Characterization of the Dorsal Ulnar Corner in Distal Radius Fractures: Implications for Surgical Decision Making
Danielle Nichole Atwood, MD, PhD1; Joseph Zimmer, BS1; Andrew J Lovy, MD2; Jay Bridgeman, MD1; Alexander Y. Shin, MD3; David M Brogan, MD, MSc4
1University of Missouri, Columbia, MO, 2Mayo Clinic, Rochester, MN, 3Division of Hand Surgery, Department of Orthopedic Surgery, Mayo Clinic, Rochester, MN, 4Washington University in St. Louis, St. Louis, MO
The dorsal ulnar corner (DUC) of intra-articular distal radius fractures constitutes a small, but important, component of the sigmoid notch and radiocarpal articular surface that may not be adequately captured with volar only surgical techniques.

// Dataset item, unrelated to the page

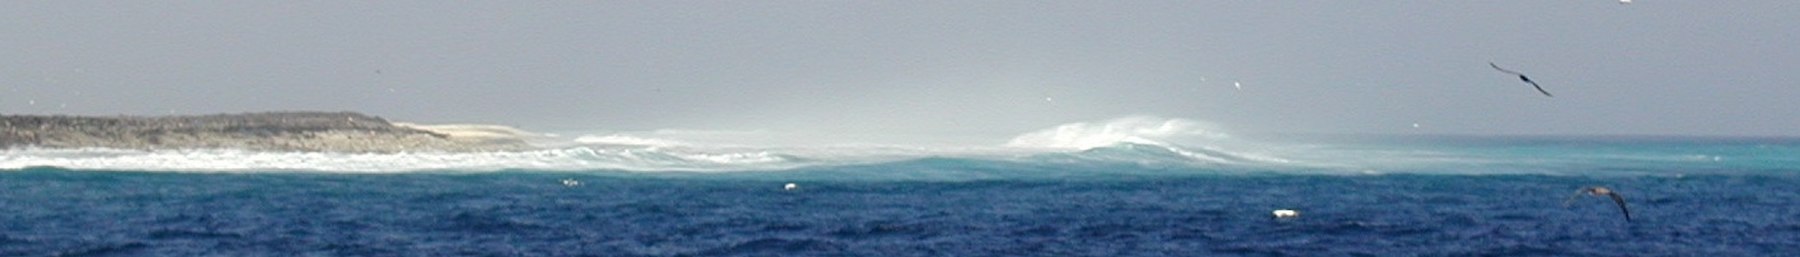 WV afiş Clipperton Waves.jpg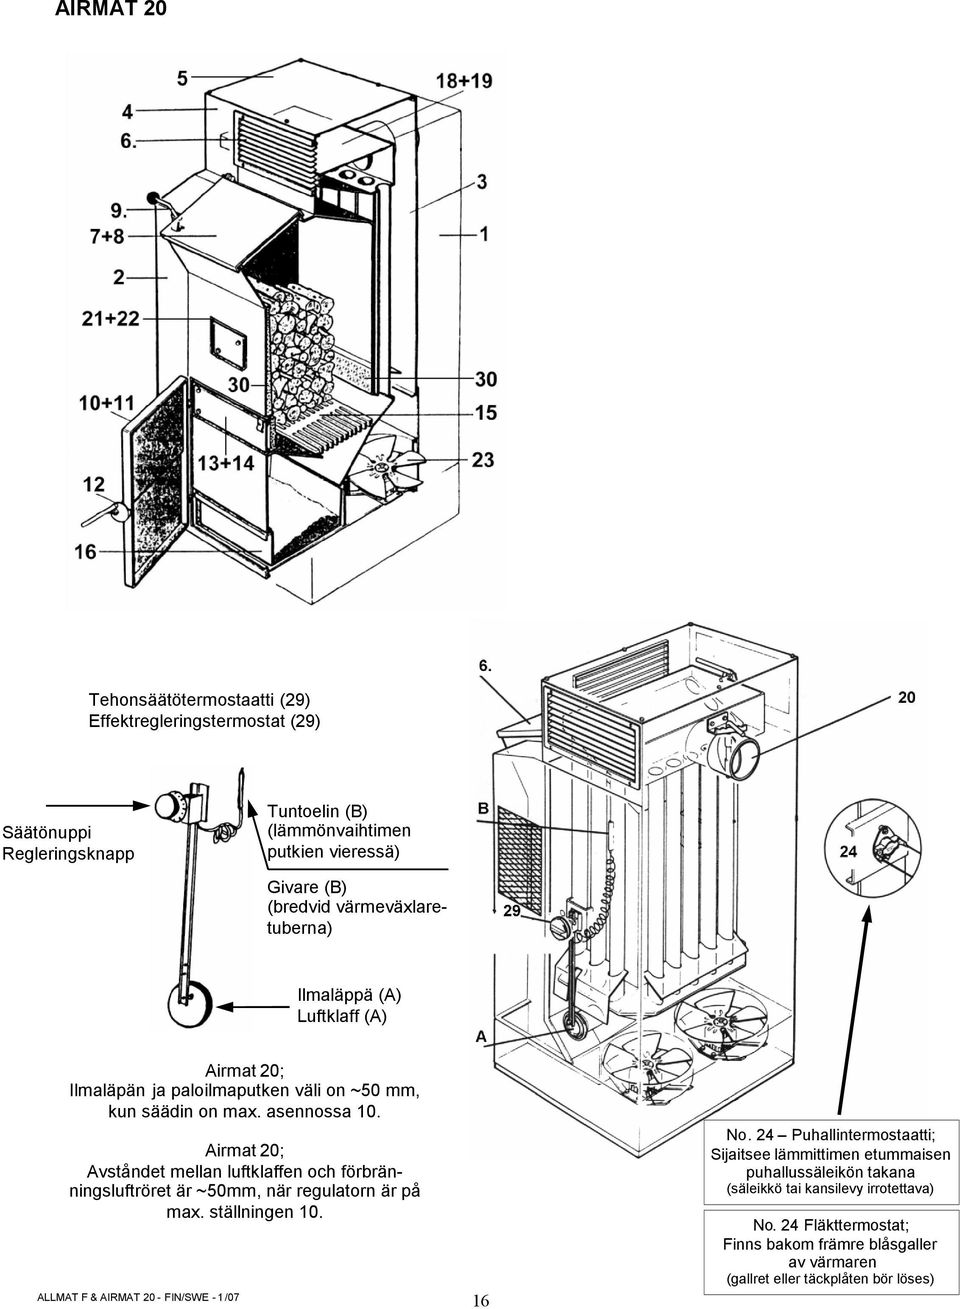 24 Puhallintermostaatti; Sijaitsee lämmittimen etummaisen puhallussäleikön takana Airmat 20; Avståndet mellan luftklaffen och förbränningsluftröret är ~50mm, när

A multicenter retrospective review identified post-menopausal female patients with surgically treated low-energy intra-articular distal radius fractures. Patients with low-energy injuries (defined as a fall from standing height or < five feet) with pre-operative CT scans were included. High-energy trauma or extra-articular fractures were excluded. DICOM data from each CT scan was analyzed using Amira 5.0 3D reconstruction software to visualize intra-articular fracture patterns and isolate the DUC fragment. The fragment was measured (dorsal surface radio-ulnar and proximal-distal dimensions; articular surface radio-ulnar and anterior-posterior dimensions). Articular surface measurement (dorsal to volar) was divided by each specimen's lunate depth (dorsal-volar, measured horn to horn) to normalize and control for distal radius size variabilityand is reported as percentage of lunate depth.
80 patients met inclusion criteria. Mean dimension measurements of the DUC: dorsal surface proximal-distal dimension: 9.82 ± 5.02 mm, 95% confidence interval [8.72, 10.92]; dorsal surface radio-ulnar dimension: 9.07 ± 3.72 mm, 95% CI [8.25, 9.88]; articular surface radio-ulnar dimension: 7.44 ± 3.92 mm, 95% CI [6.58, 8.30]; articular surface anterior-posterior dimension: 4.14 ± 2.39 mm, 95% CI [3.62, 4.67]. Individual lunate depth measurement was used to normalize articular surface depth. On average, the DUC comprises 23.6% of the articular surface ± 13.6% with a 95% CI [20.7, 26.6].
Biomechanical studies of extra-articular fracture models suggest volar plate distal locking screws extending 75% of the articular surface depth are sufficient for fixation; however, our modeling suggests that, on average, this will not capture the DUC in intra-articular fractures. Mean DUC fragment articular surface depth in this study is < 5 mm and articular surface width is < 8 mm wide. This accounts for approximately 24% of the volar-dorsal width of the distal radius at the lunate facet indicating that use of screws extending across the distal radius 75% would most likely not capture this fragment. These findings expand current understanding of the morphology and size of the DUC fracture fragment and provide serious implications critical to understanding optimal operative fixation methods, which may include utilizing longer screws or performing fragment specific fixation. Additionally, this information can also be used to develop more accurate distal radius intra-articular fracture models for biomechanical studies.